### Required action
Beginning with the line that contains "Dir Reskrimum Polda", retype the entries below exactly, ending with the line that contains "Price in India". Leave out any pictures.

### Data extracts
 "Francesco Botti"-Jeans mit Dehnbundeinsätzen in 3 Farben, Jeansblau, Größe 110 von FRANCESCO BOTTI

---

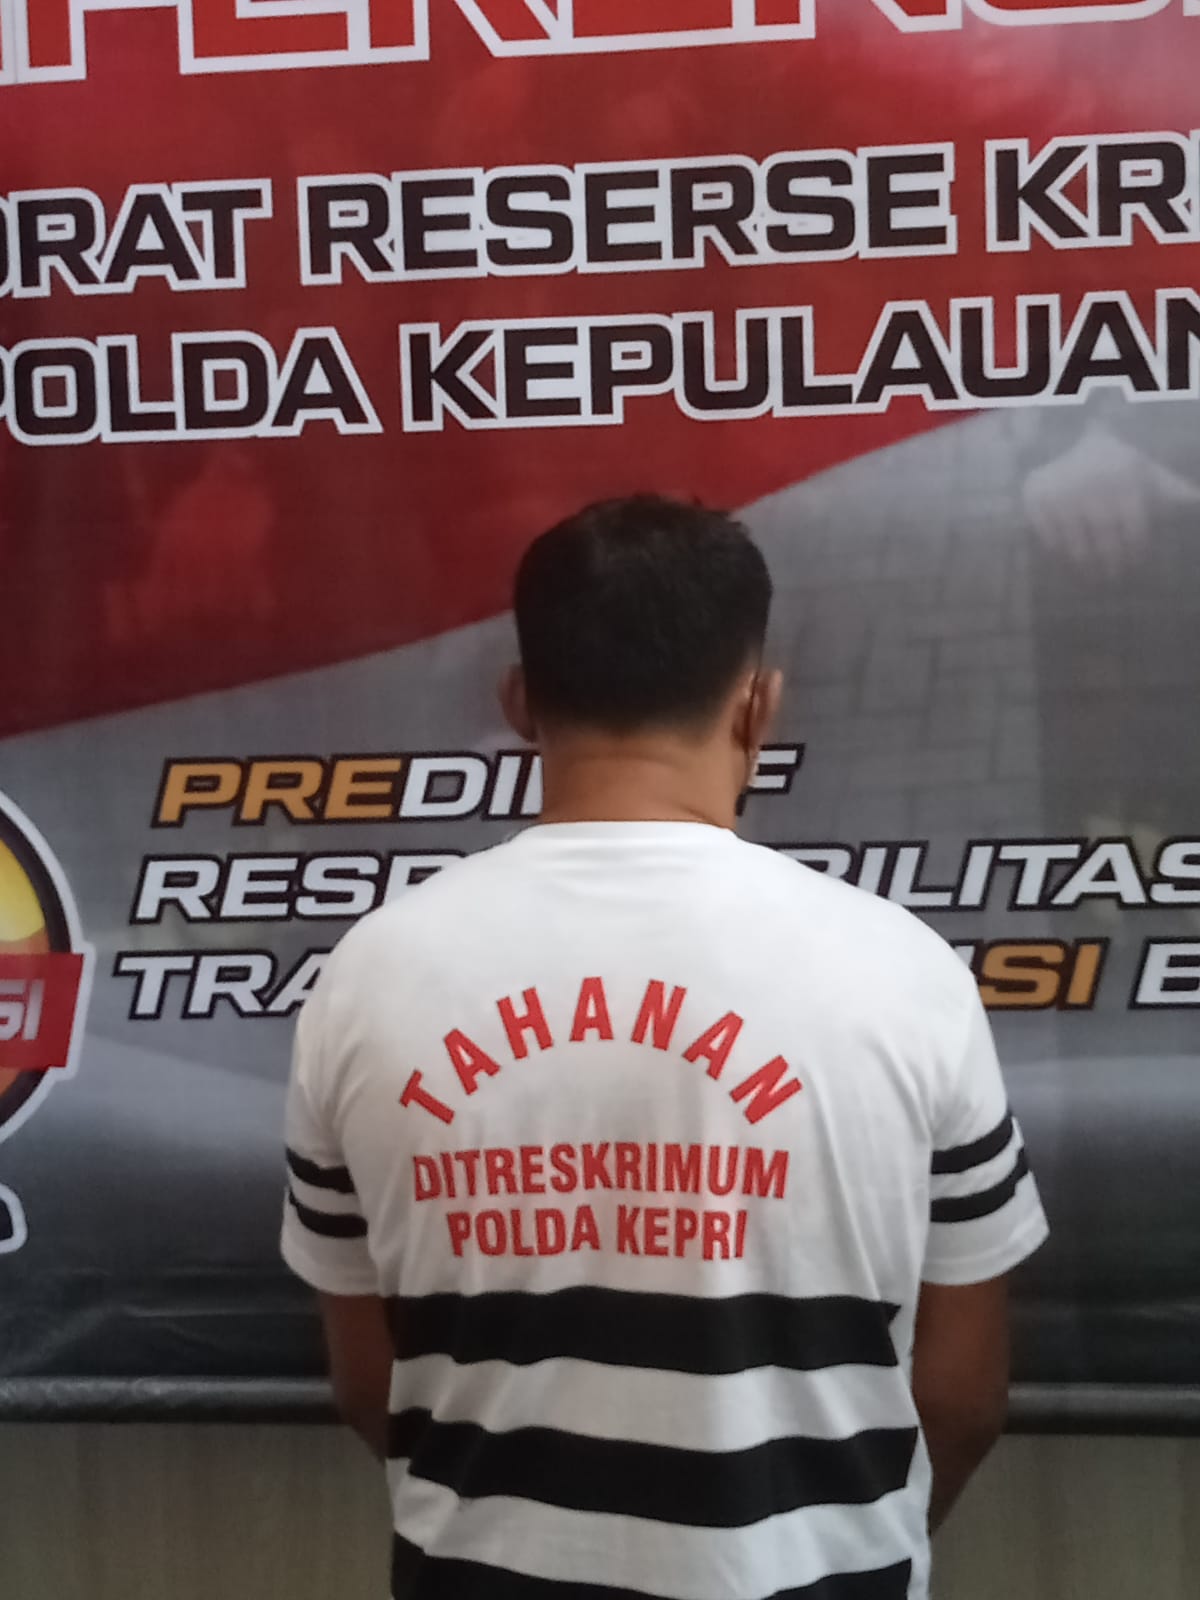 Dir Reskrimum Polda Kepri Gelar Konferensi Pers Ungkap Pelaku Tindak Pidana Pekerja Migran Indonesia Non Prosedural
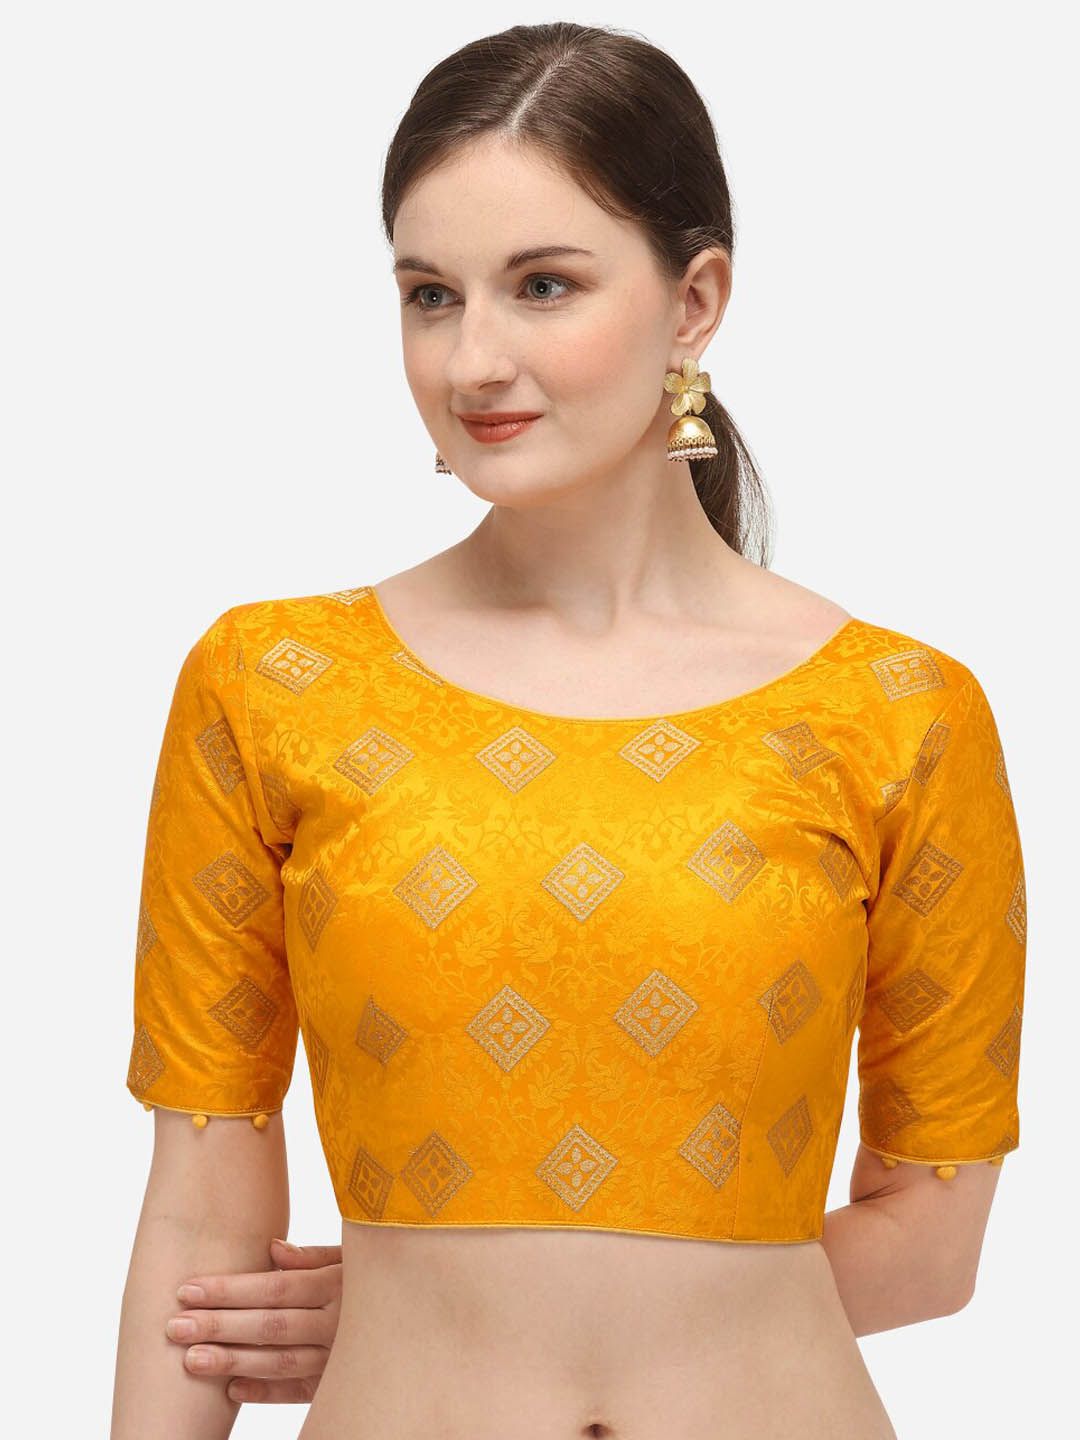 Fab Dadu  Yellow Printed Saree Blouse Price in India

### Answer section
 Dir Reskrimum Polda Kepri Gelar Konferensi Pers Ungkap Pelaku Tindak Pidana Pekerja Migran Indonesia Non Prosedural
 Fab Dadu  Yellow Printed Saree Blouse Price in India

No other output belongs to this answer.